- O Tribunal Superior do Trabalho condenou o Estado de São Paulo por tentar protelar a ação de aposentados e pensionistas da Sabesp, com multa a Sabesp e à Fazenda Paulista.
- A decisão, em vinte e dois de maio de dois mil e vinte e seis, ocorreu após reconhecer que os embargos de declaração apresentados repetidamente tinham o objetivo de postergar o desfecho do processo.
- A ação discute a equivalência salarial entre os aposentados e pensionistas da Sabesp e os empregados ativos após a adoção de um novo plano de cargos e salários, em dois mil e dois.
- Na fase de execução, o processo foi extinto nas instâncias inferiores por irregularidade na representação da Associação dos Aposentados e Pensionistas da Sabesp, que foi regularizada posteriormente.
- A ministra Delaíde Arantes, relatora, destacou que os embargos repetidos já haviam sido examinados de forma clara e exaustiva, configurando abuso do direito de recorrer e retardamento do trâmite processual.
O Tribunal Superior do Trabalho condenou o Estado de São Paulo e a Sabesp por tentarem protelar uma ação movida por aposentados e pensionistas da empresa. Em 2019, a Sabesp foi responsabilizada por tratar de forma desigual servidores ativos, aposentados e pensionistas, em torno da isonomia salarial.
Em 2024, o TST acolheu o recurso apresentado pela associação dos aposentados. A partir de então, a Administração estadual tem apresentado embargos de declaração de forma repetida contra a decisão.
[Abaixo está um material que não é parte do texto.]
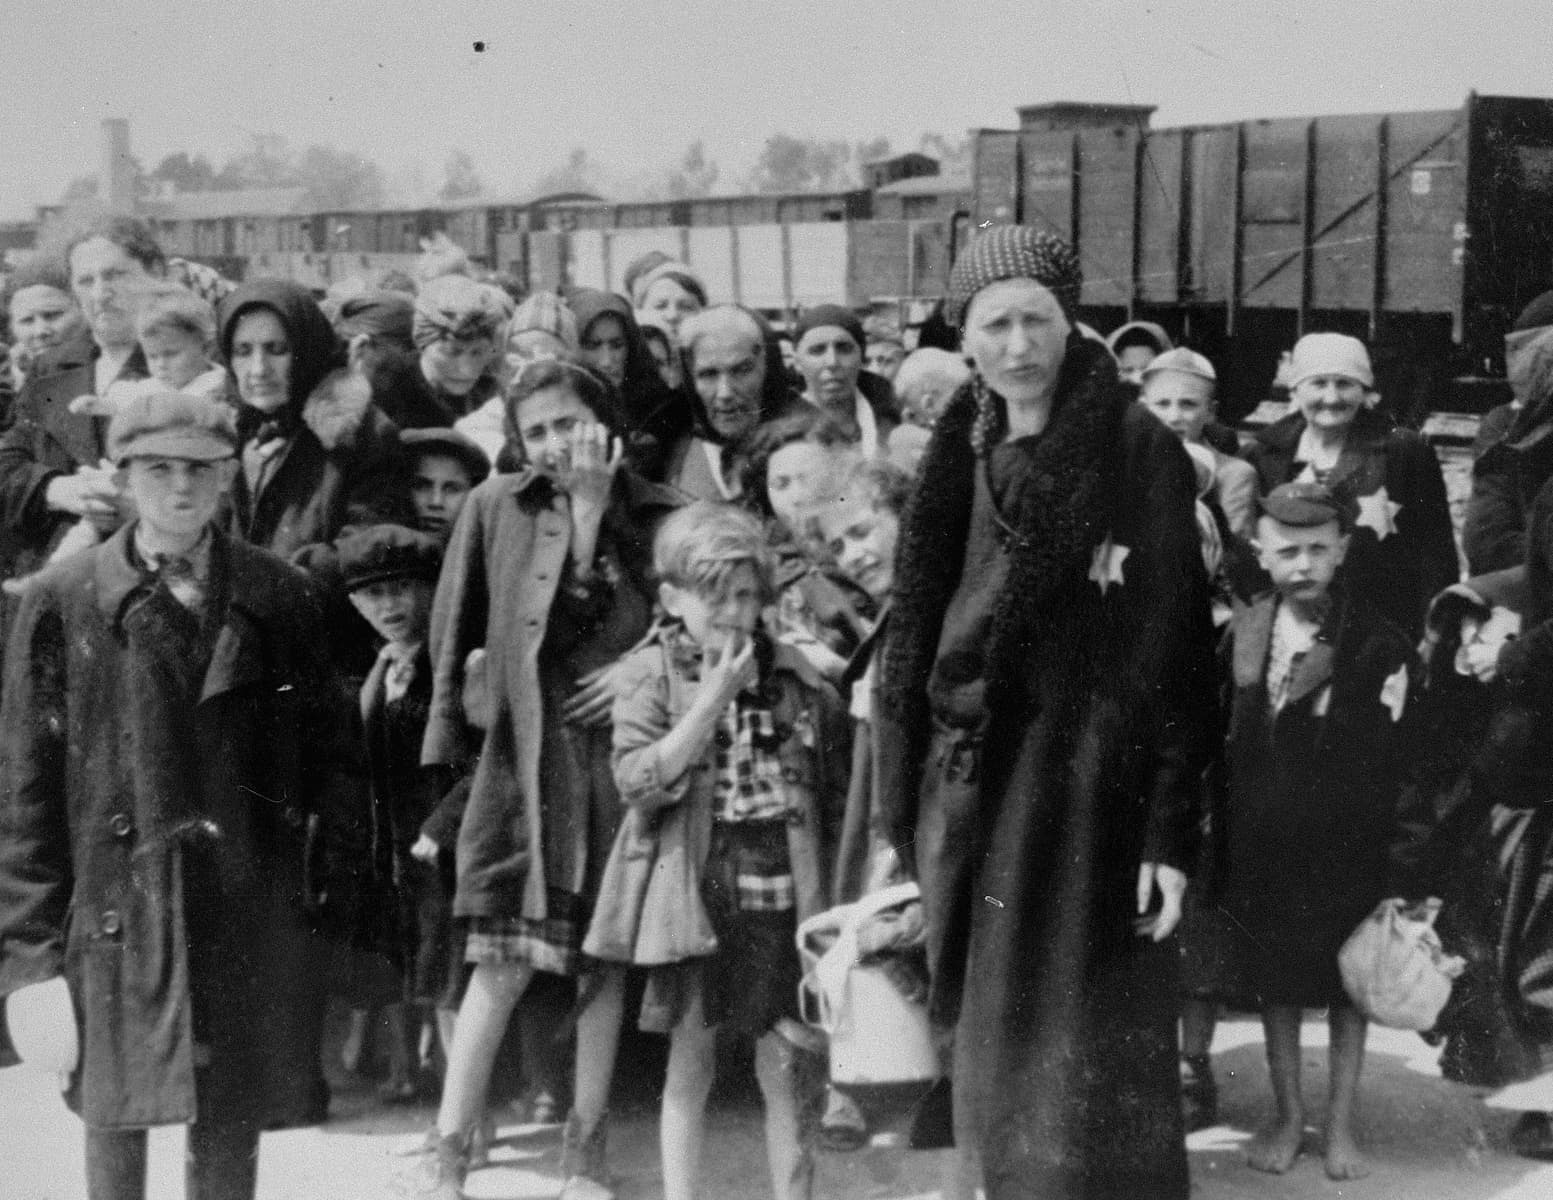 Photo: Bernhardt Walter/Ernst Hofmann. Jewish women and children from Subcarpathian Rus await selection on the ramp at Auschwitz-Birkenau. 1944. USHMM.

A 2ª turma do TST verificou que os embargos tinham o objetivo exclusivo de postergar o desfecho do processo. Por isso, aplicou multa à Sabesp e à Fazenda Pública do Estado de São Paulo. A decisão ocorreu em 22 de maio de 2026.
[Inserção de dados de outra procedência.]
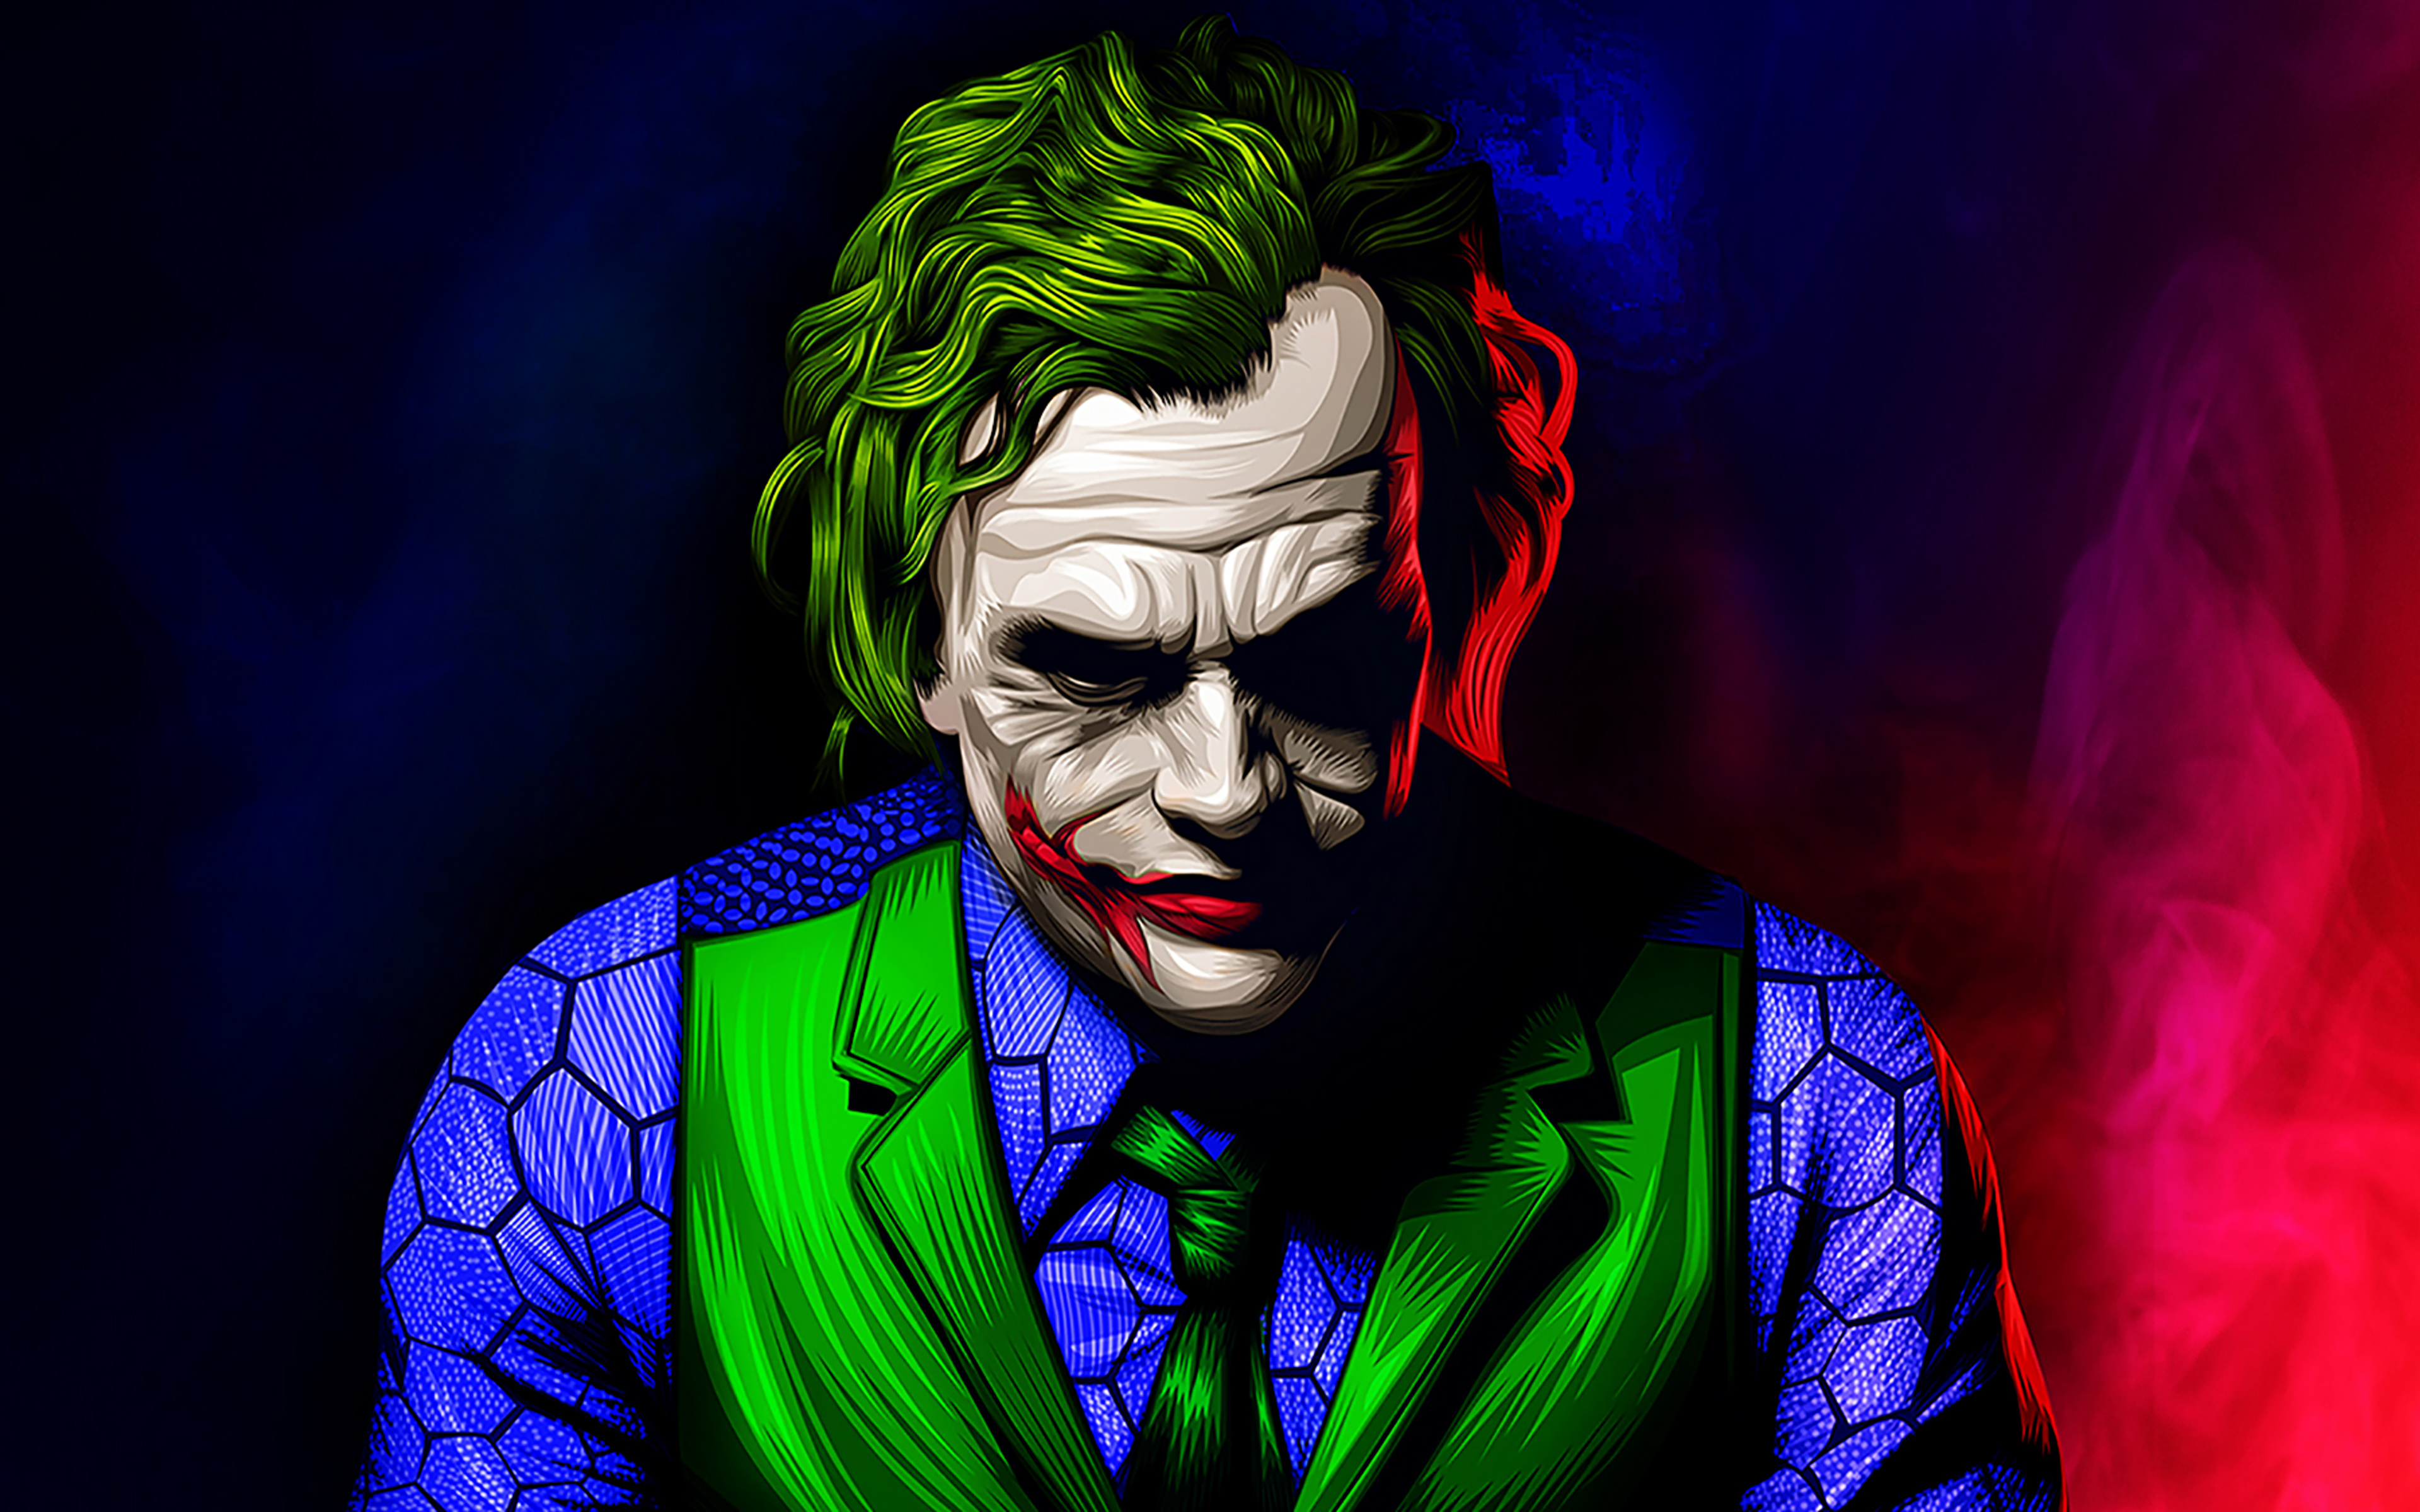  Joker  Artwork Illustration Wallpaper  4k  Ultra  HD  ID 3810

A ação discute a manutenção da equivalência salarial entre aposentados, pensionistas e trabalhadores da ativa após a implantação de um novo plano de cargos e salários em 2002. Na execução, o processo foi extinto por irregularidade na representação da associação.
A ministra Delaíde Arantes, relatora, reiterou que os temas já examinados pelo tribunal haviam sido tratados de forma clara e exaustiva. Segundo ela, a repetição de embargos sobre matérias resolvidas configura abuso de recorrer e prejudica a duração do processo.
Embargos protelatórios são considerados abusivos
A ministra destacou que a prática de rediscutir questões já decididas não traz inovação ao caso e desrespeita o interesse público. A decisão envolve multa à Sabesp e à Fazenda paulista pela atuação considerada protelatória.
O caso tramita com o objetivo de assegurar a isonomia salarial entre diferentes grupos de trabalhadores da Sabesp, após mudanças no plano de cargos. O acórdão aponta que as tentativas de revisão repetida não apresentam questões novas relevantes.
O processo segue em andamento no TST, com cumprimento das determinações já proferidas. A decisão reforça a necessidade de tramitação célere e evitar manobras que retardem o desfecho judicial.